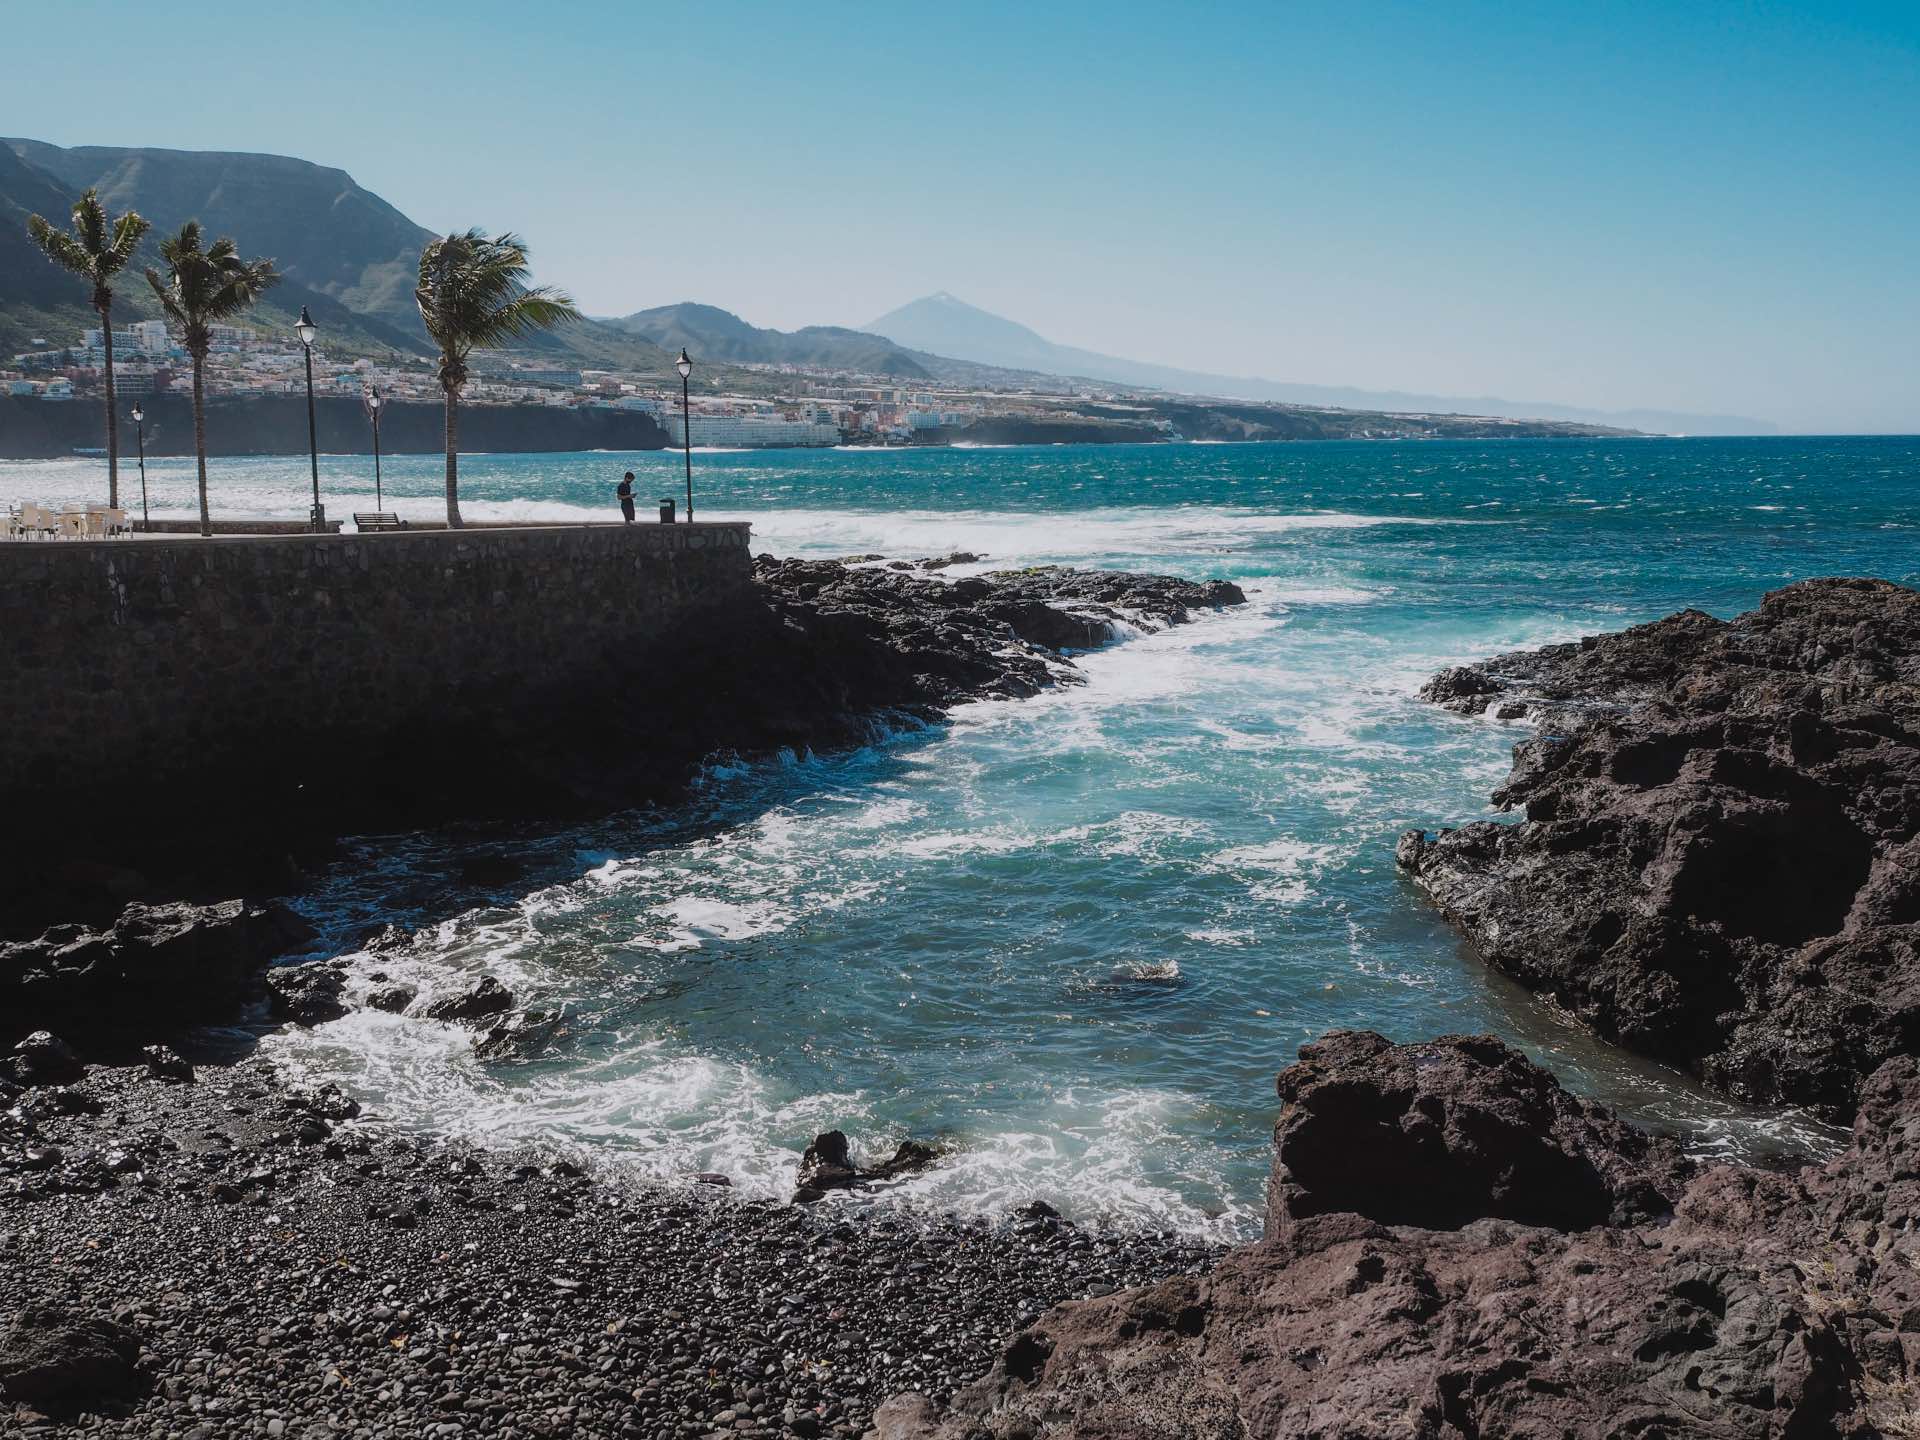 Alrededores de la Piscina Natural Punta del Hidalgo, uno de los mejores charcos donde bañarse en Tenerife
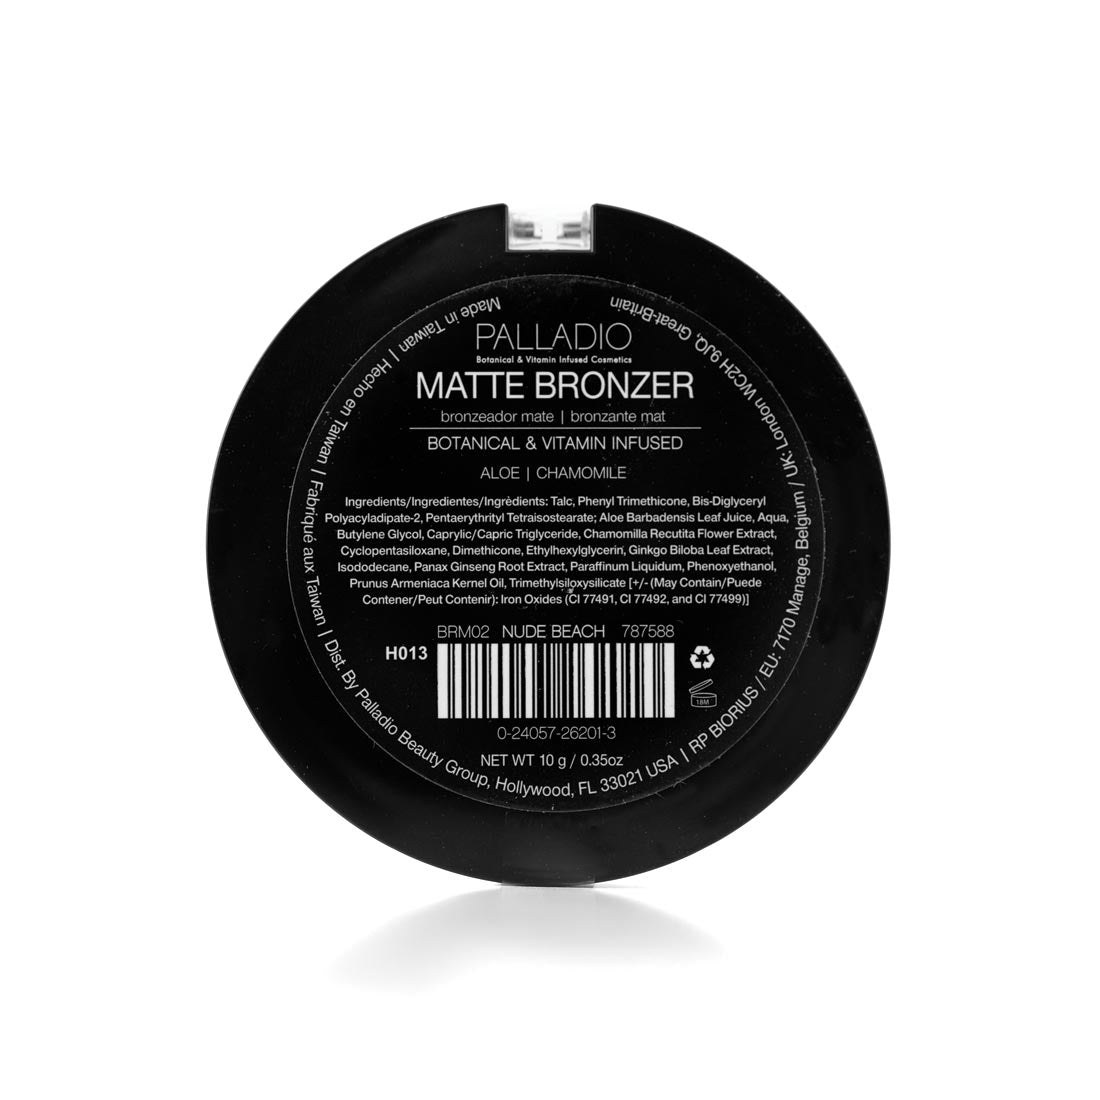 MATTE BRONZER
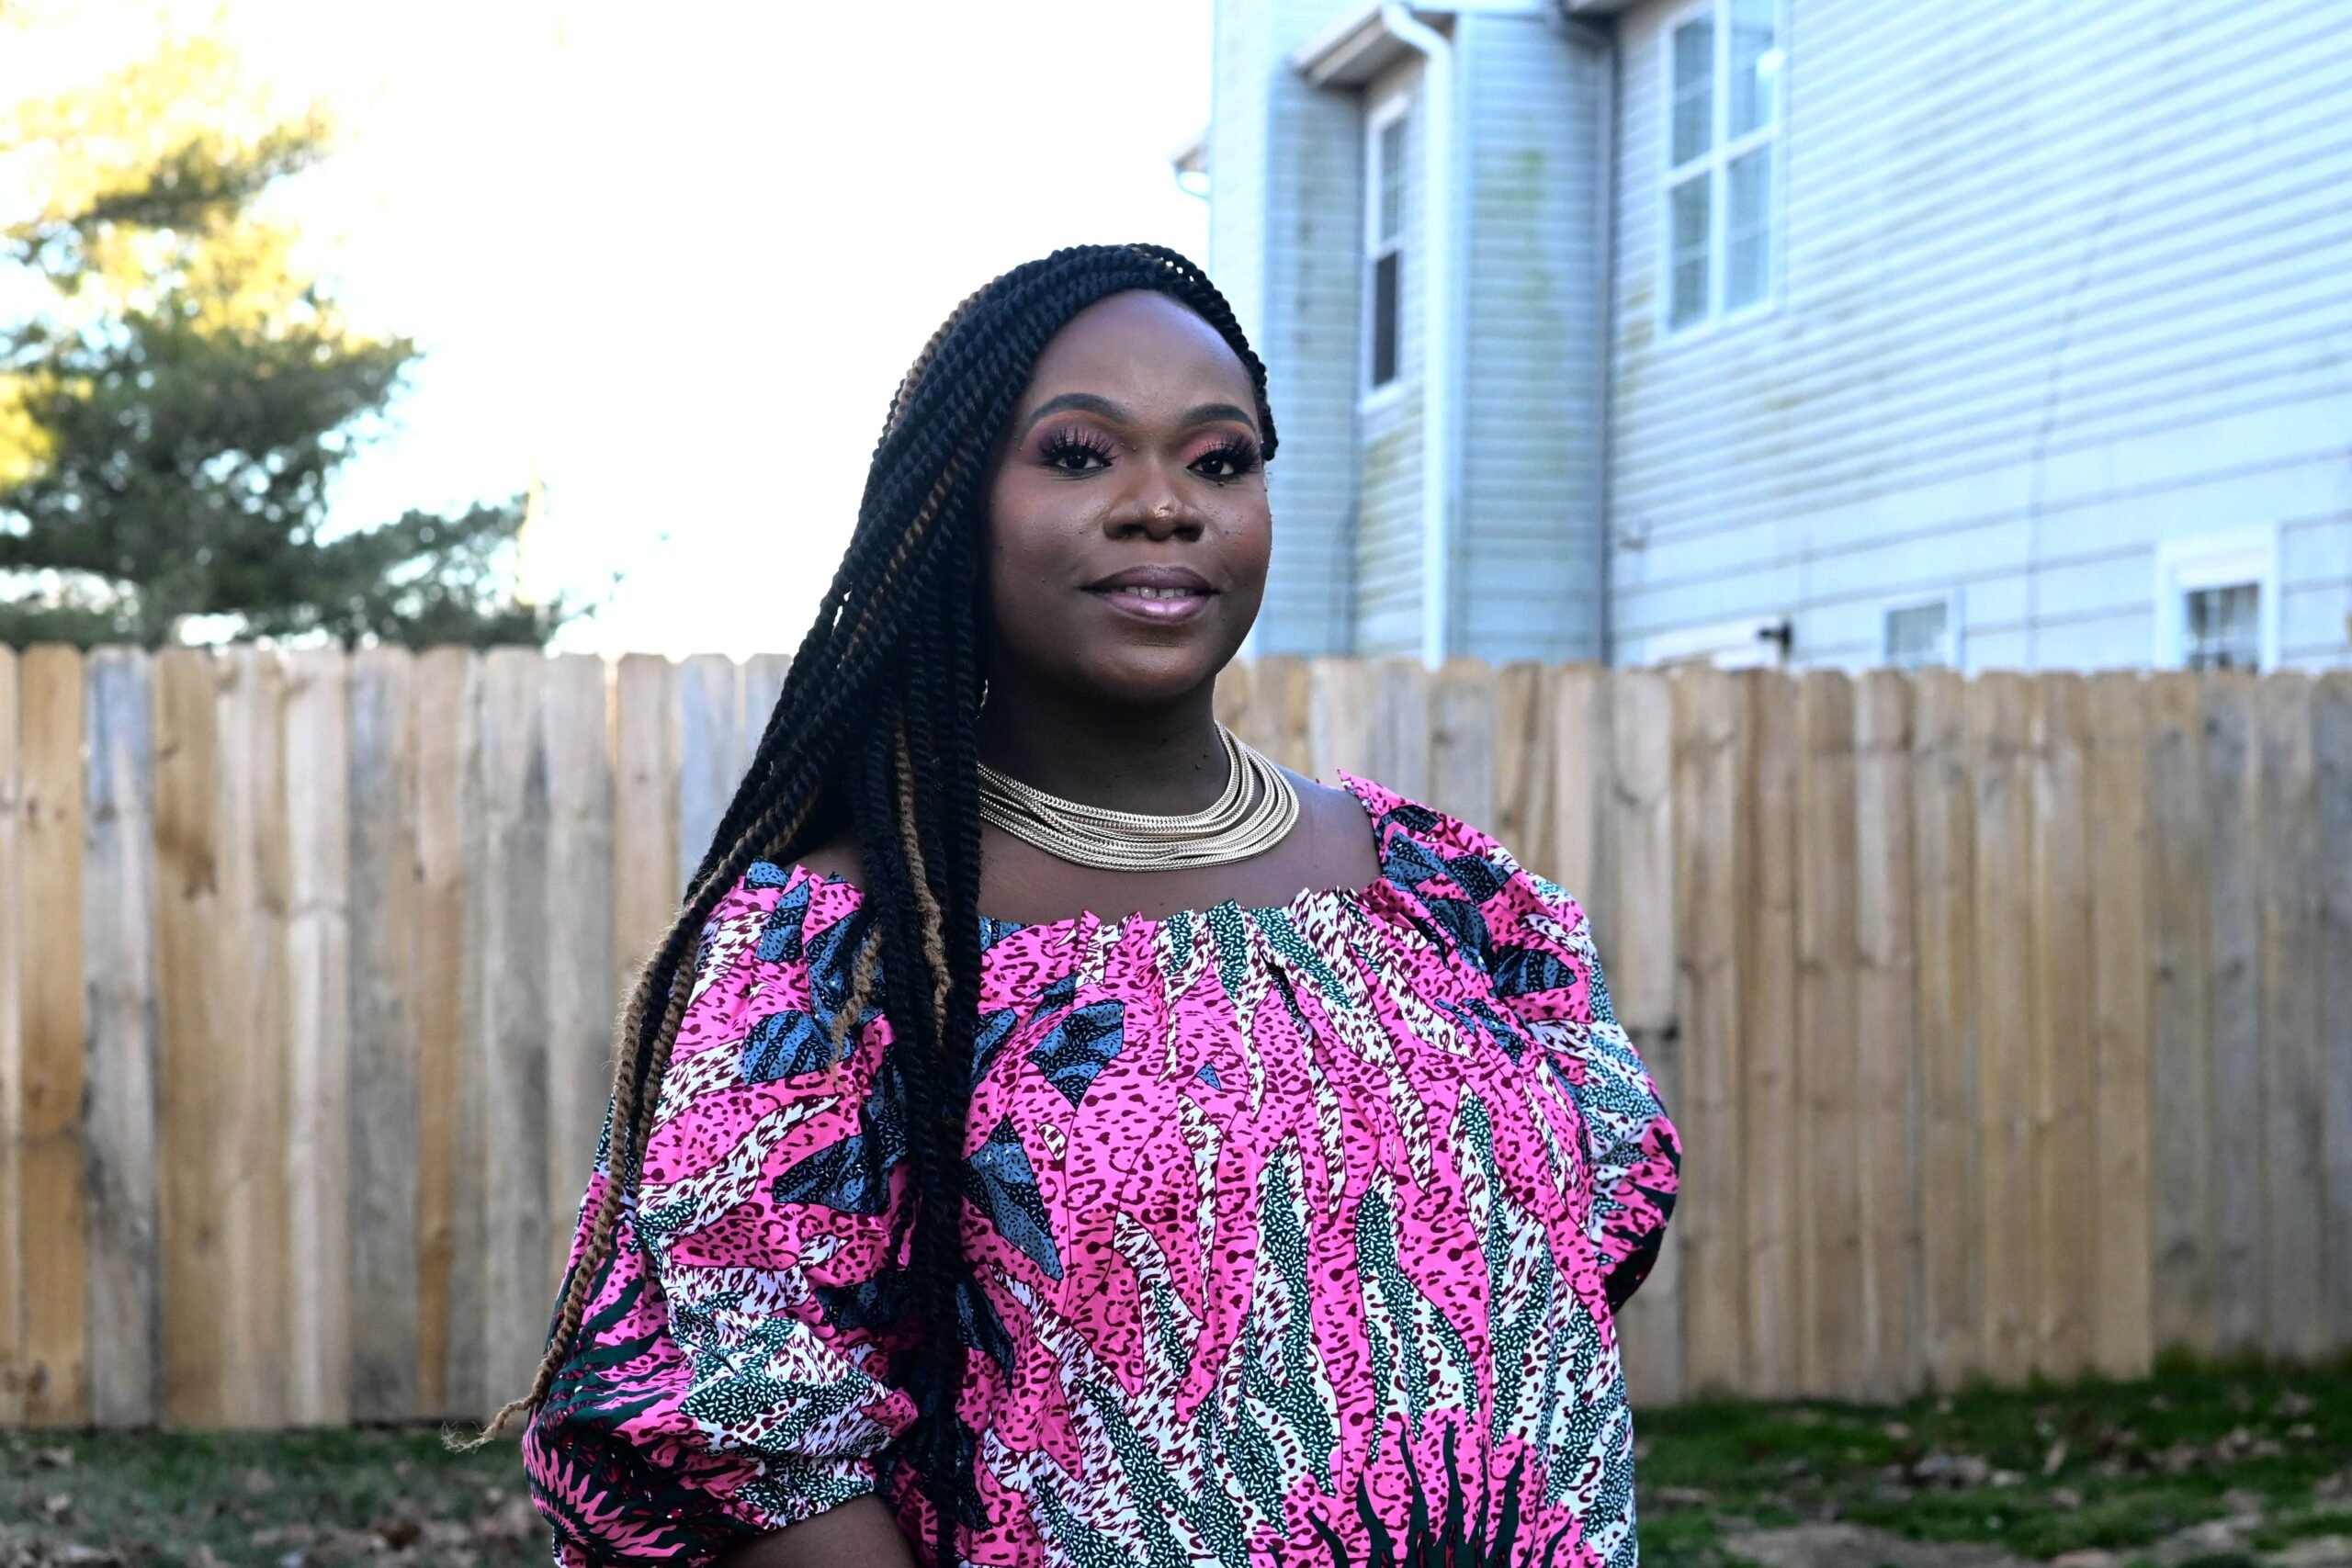 Refugiada compartilha reflexões sobre ser uma mulher negra nos EUA – UNHCR  ACNUR Brasil
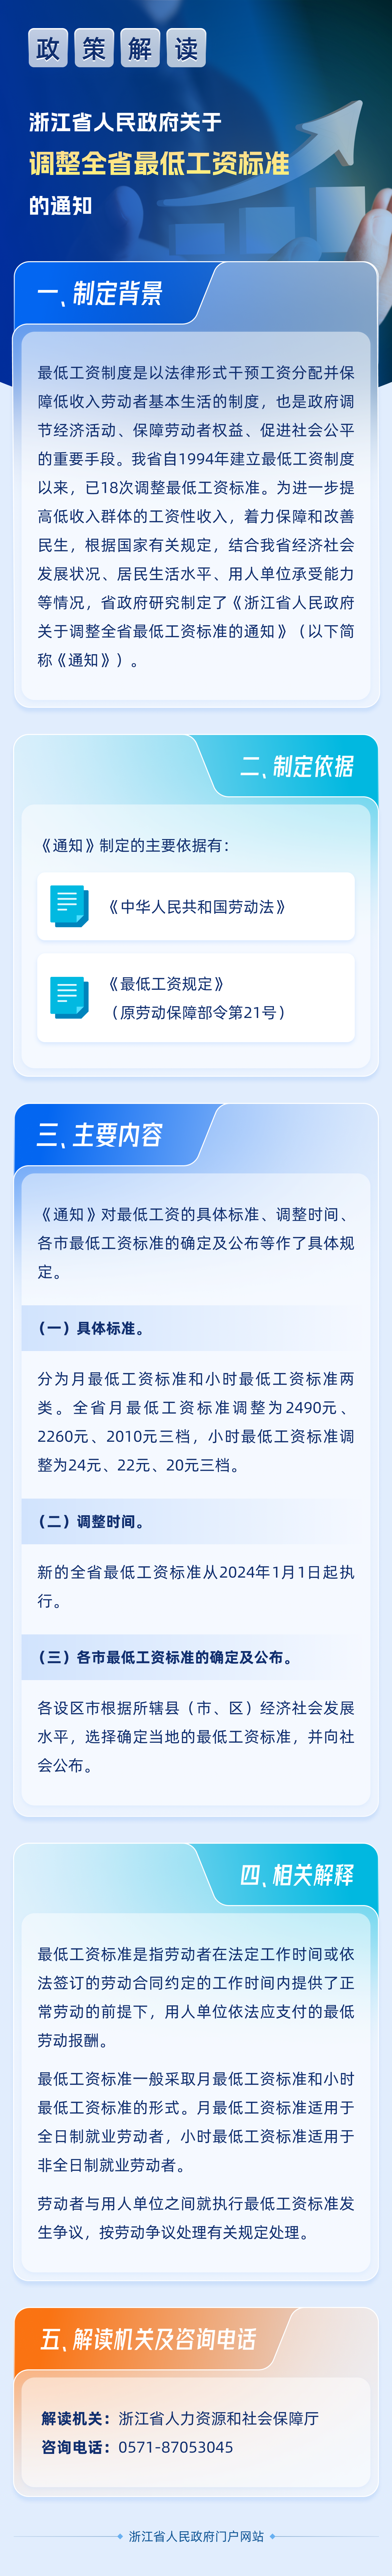 图解丨浙江省人民政府关于调整全省最低工资标准的通知

Task statement: Copy exactly the lines from the line holding "Refugiada compartilha reflexões" to the final line of the listing, and leave the pictures out.

Answer to this exercise:
 Refugiada compartilha reflexões sobre ser uma mulher negra nos EUA – UNHCR  ACNUR Brasil
 图解丨浙江省人民政府关于调整全省最低工资标准的通知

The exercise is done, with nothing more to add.